At last: “You’ve never really told me what happened with Antonia. You loved her, and married her, and she died a bad death. Would you tell me the whole story this night?”

He stared before him. “Why saddle you with it?”

“So I can understand, my most dear. Understand you and what is in you; for sure it has become to me that this is your great wound and the reason why you could not stay quiet about
Emissary.”

“Perhaps,” he mumbled. “You see, it was a political assassination, and the politics wouldn’t have existed if we weren’t stuck in these two miserable planetary systems.”

“Speak, Dan. About your Antonia. I’d make a song in honor of her memory, if you would like that.”

“I would. I would.”

“Then first I must know.”

He was merely average articulate, and full of grief; he groped and croaked:

“Okay, to start, how we met. After my discharge from the Peace Command, I wanted to go into spatial engineering, and had the luck to be accepted for the academy that the Andean Confederacy runs. When I’d graduated, I went to work for Aventureros Planetarios—
the
big corporation, you know, that the Rueda clan dominates. I did pretty well, got invited to some parties they threw, and there was Toni.
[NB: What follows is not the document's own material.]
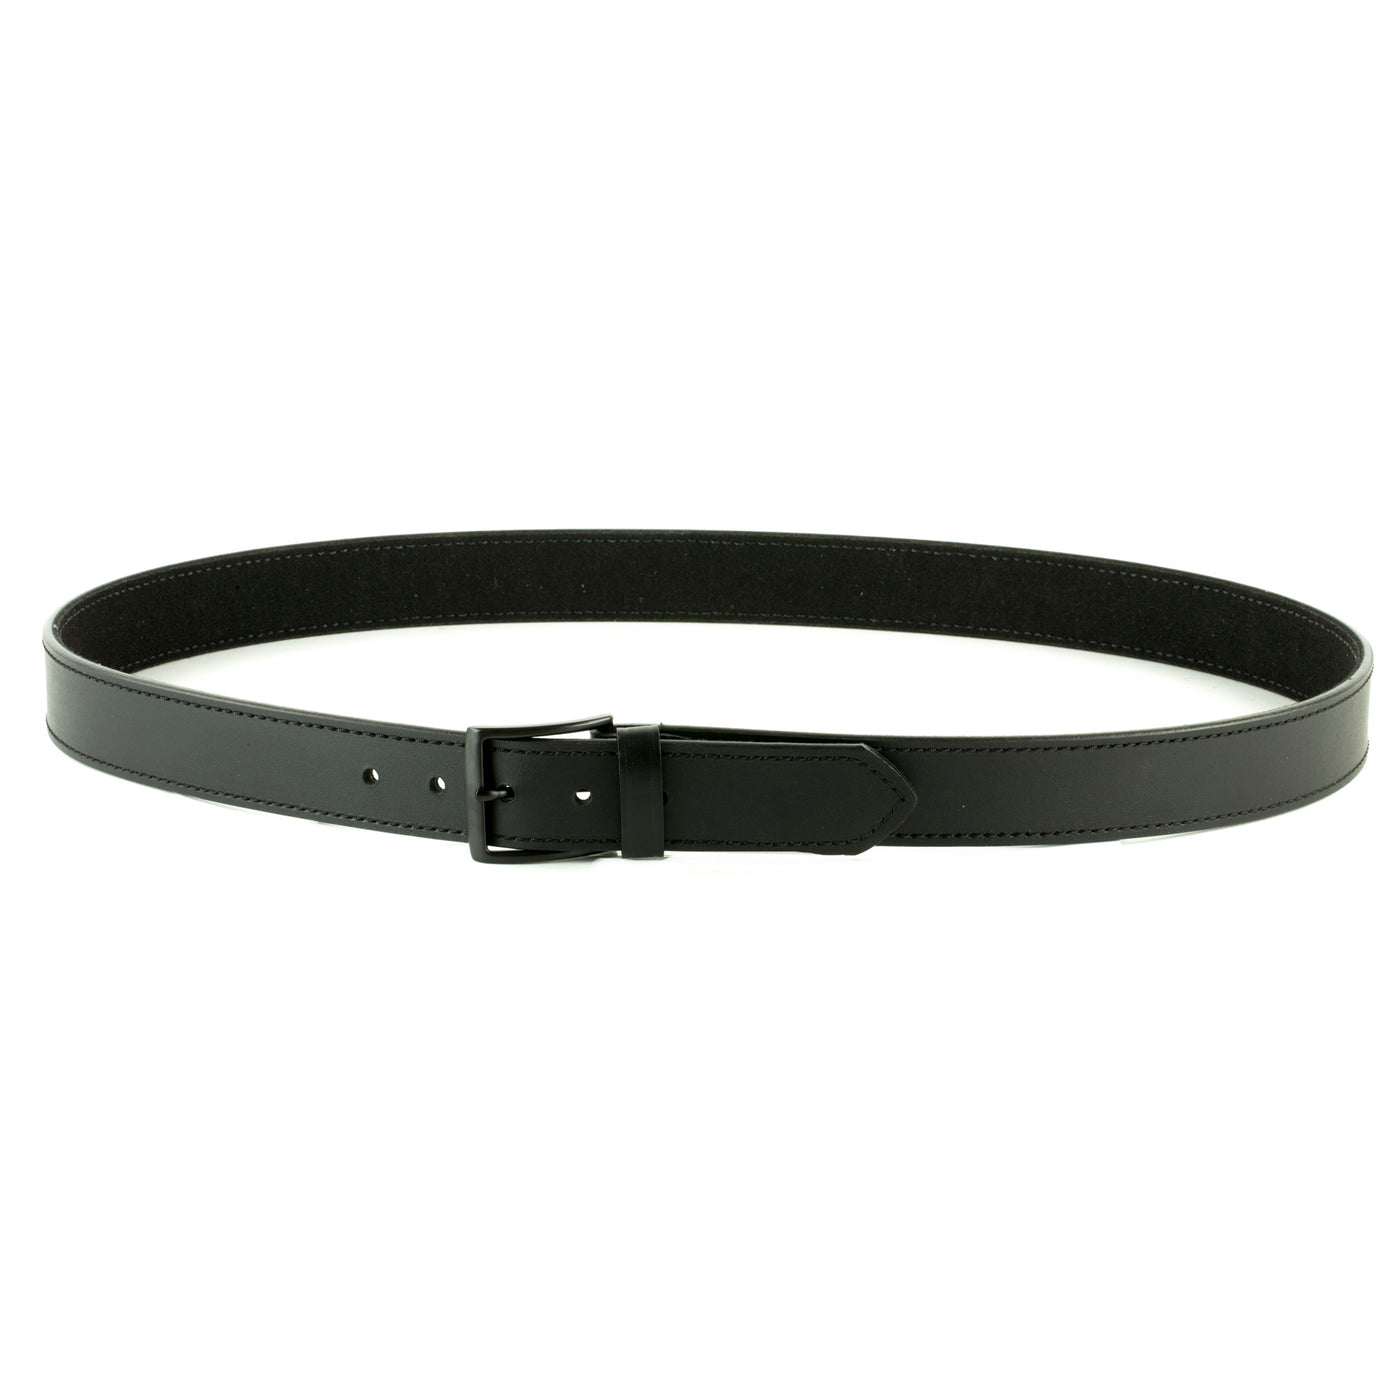 DeSantis 1.5 inch Everyday Carry Belt-Size

“She herself said she’d be damned if we sucked the timocracy’s tit. She was into astrography, and good at it, too. We wangled locations for us both at Nueva Cibola. That’s an Iliadic satellite, you may recall, but an office of Aventureros is there, and so is Arp Observatory.
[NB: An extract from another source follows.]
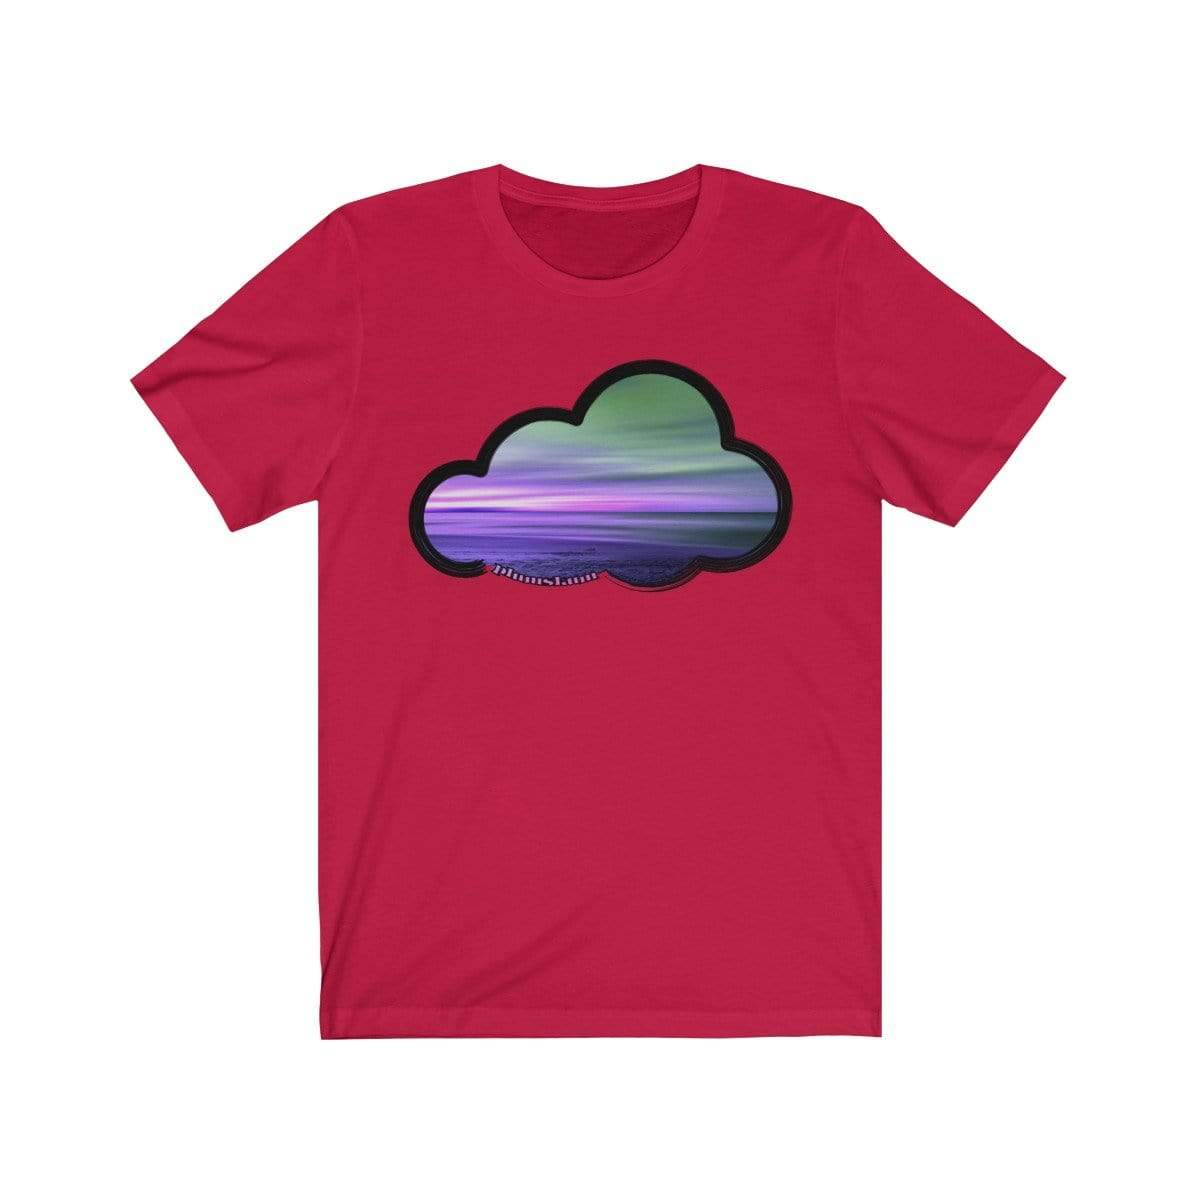 Printify T-Shirt Red / M Beaches Art Clouds Tee

“Six Earth years… I traveled a lot, necessarily, as far afield as Jupiter; but you know, Pegeen, though women were usually along on our jobs, through that whole time I really was a monogamist. Not that Toni’d have disowned me; but she was, and that settled the matter.”
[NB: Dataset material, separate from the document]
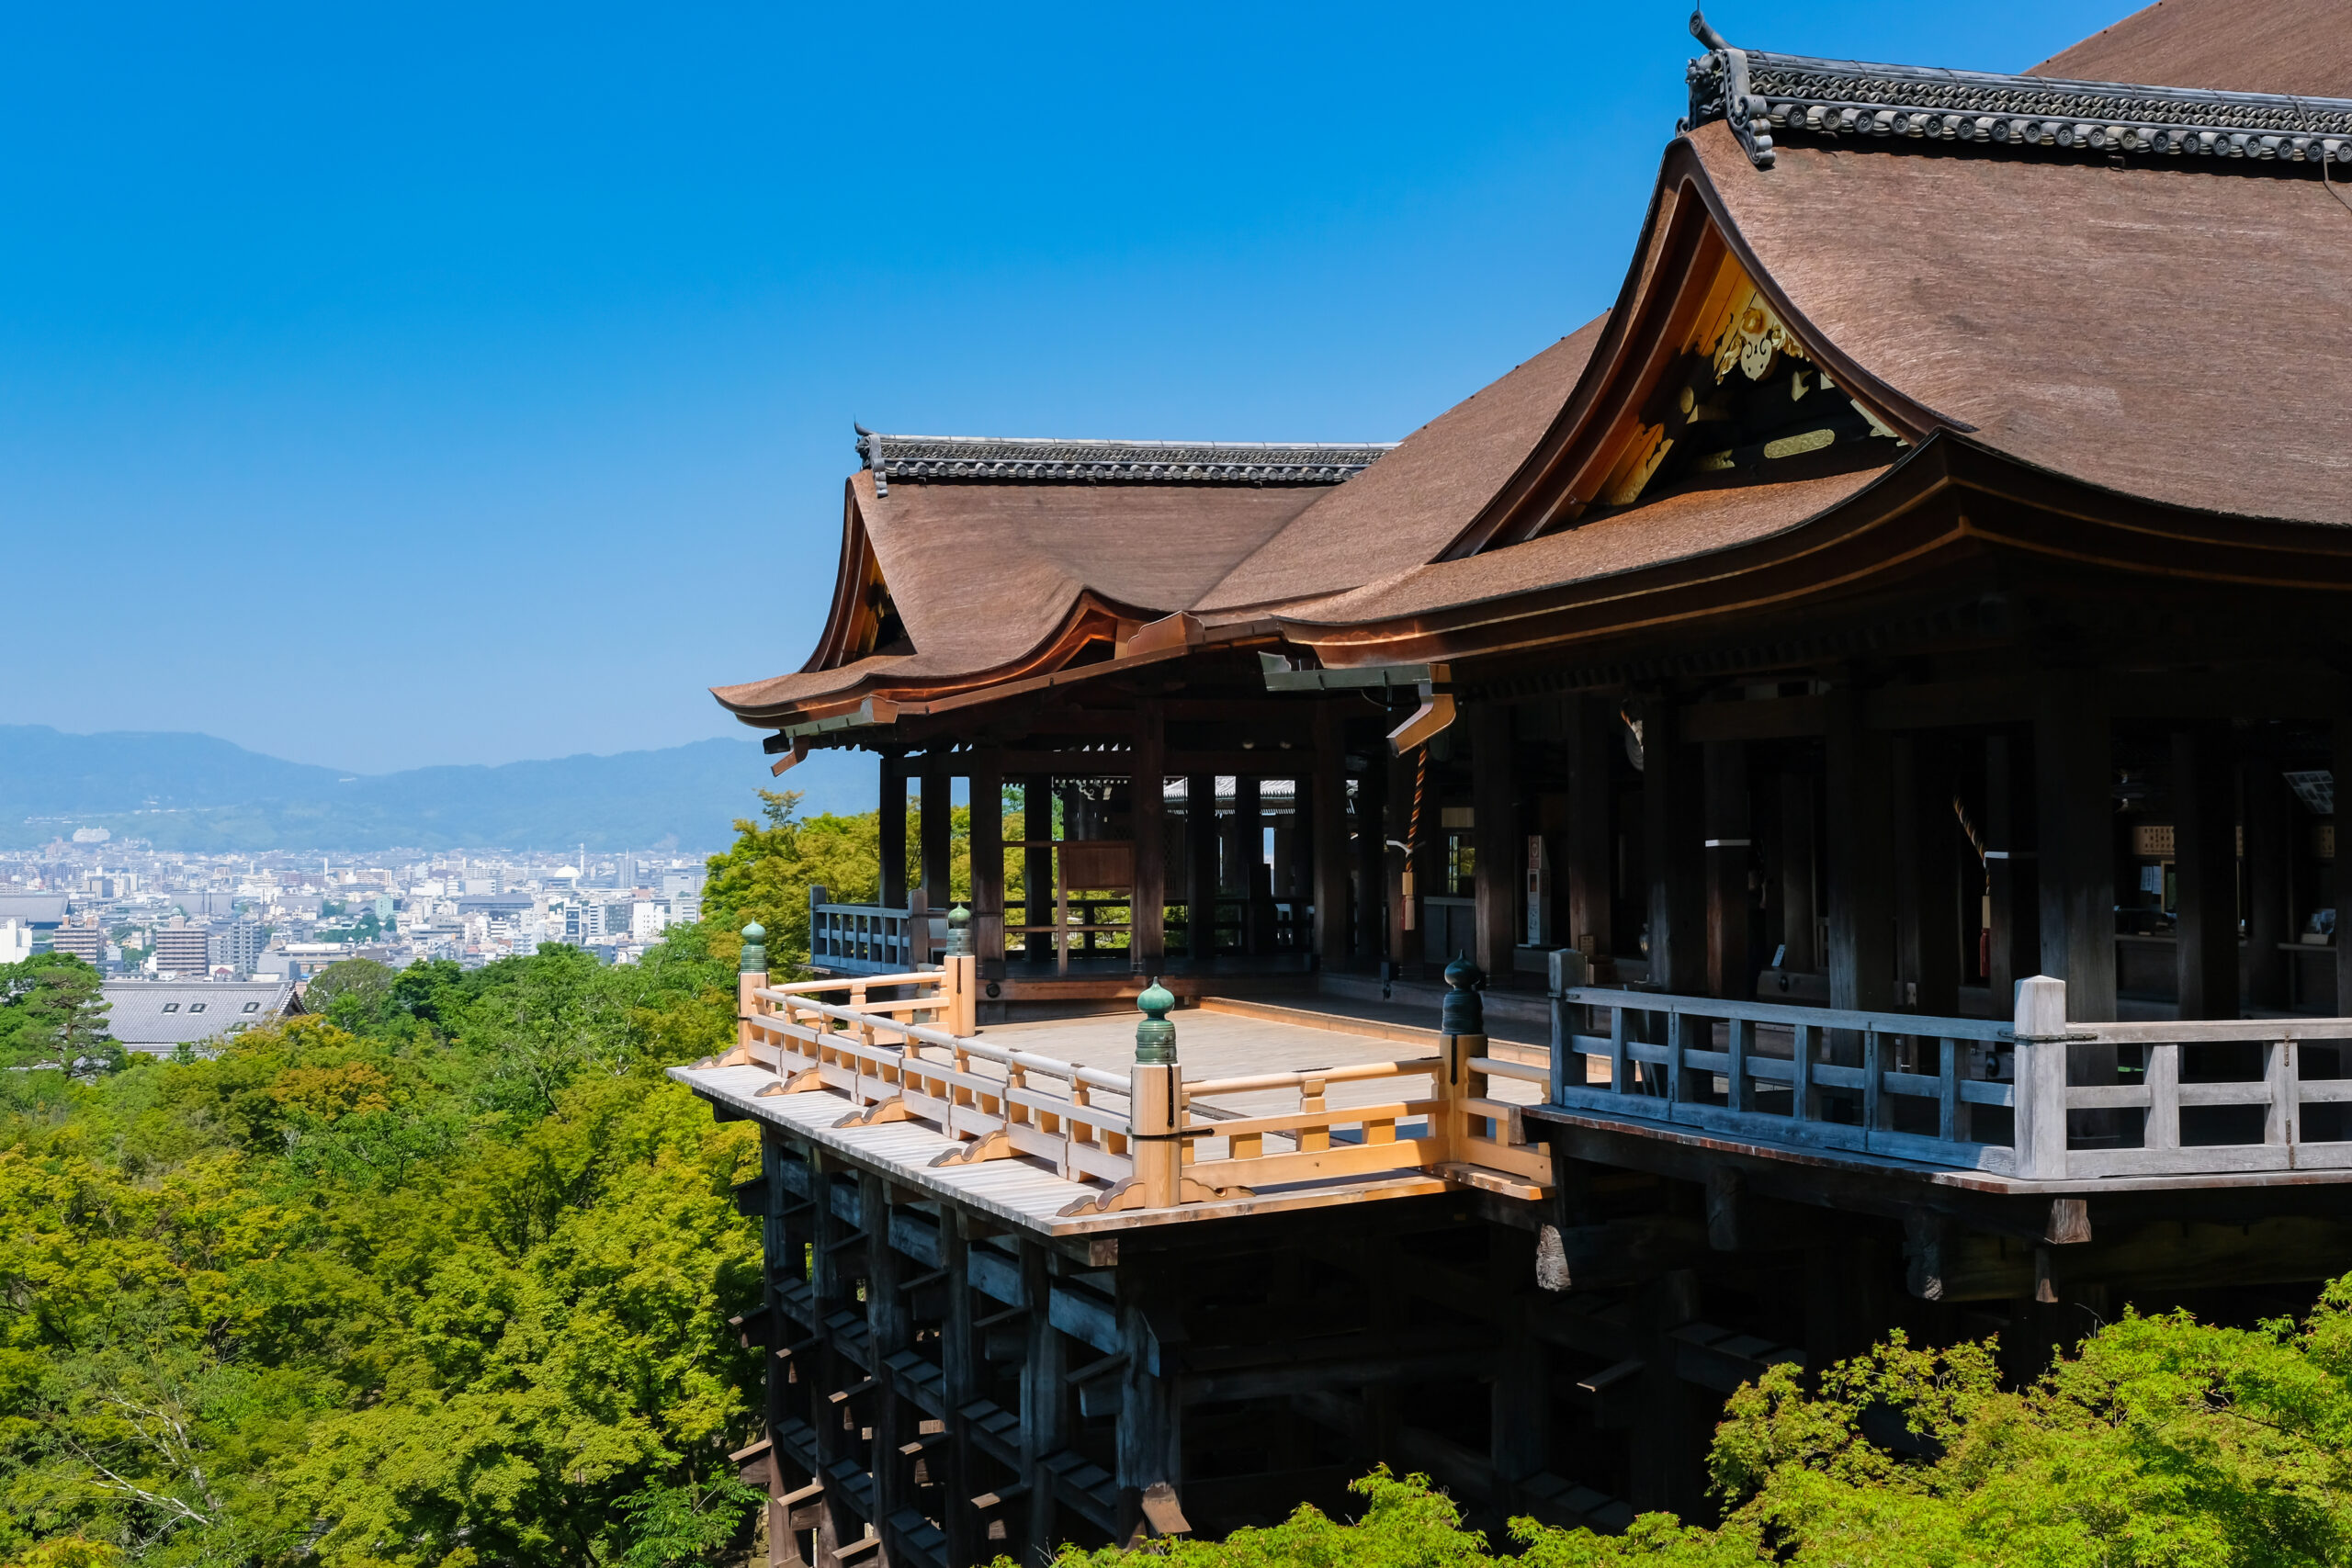 kiyomizu-dera temple

He fell mute, while Caitlín held him.

“At last we decided to start a family,” he resumed. “She loved children. And animals and…everything alive. She wanted to have the baby at home, in the Rueda mansion, for the sake of her grandparents. They were too frail to leave Earth, but it’d mean a cosmos to them to see the next generation arrive.

“Why not? I had an assignment ahead of me on Luna, which’d keep me away for several weeks. She might as well return to the clan at once and enjoy them. They’re grand folk. I expected I’d finish before birthtime, take leave of absence, and join her.

“Well—Quite soon after she landed, the
residencia
got
bombed. By terrorists. They issued an anonymous announcement that they were protesting the Ruedas’ hogging the benefits of space development from the masses. It was an incident in a wave of revolutionary violence going through South America.

“That’s faded out. Temporarily. It’s rising again. The Ruedas are still targets. Yes, of course they’re rich, because their ancestors had the wit to invite private space enterprise to Peru. But hogging the wealth? Why, suppose that money was divided equally among the
oprimidos
. What sum would each person get? And where’d the capital come from for the next investment? Pegeen, Pegeen, when will these world savior types learn some elementary economics?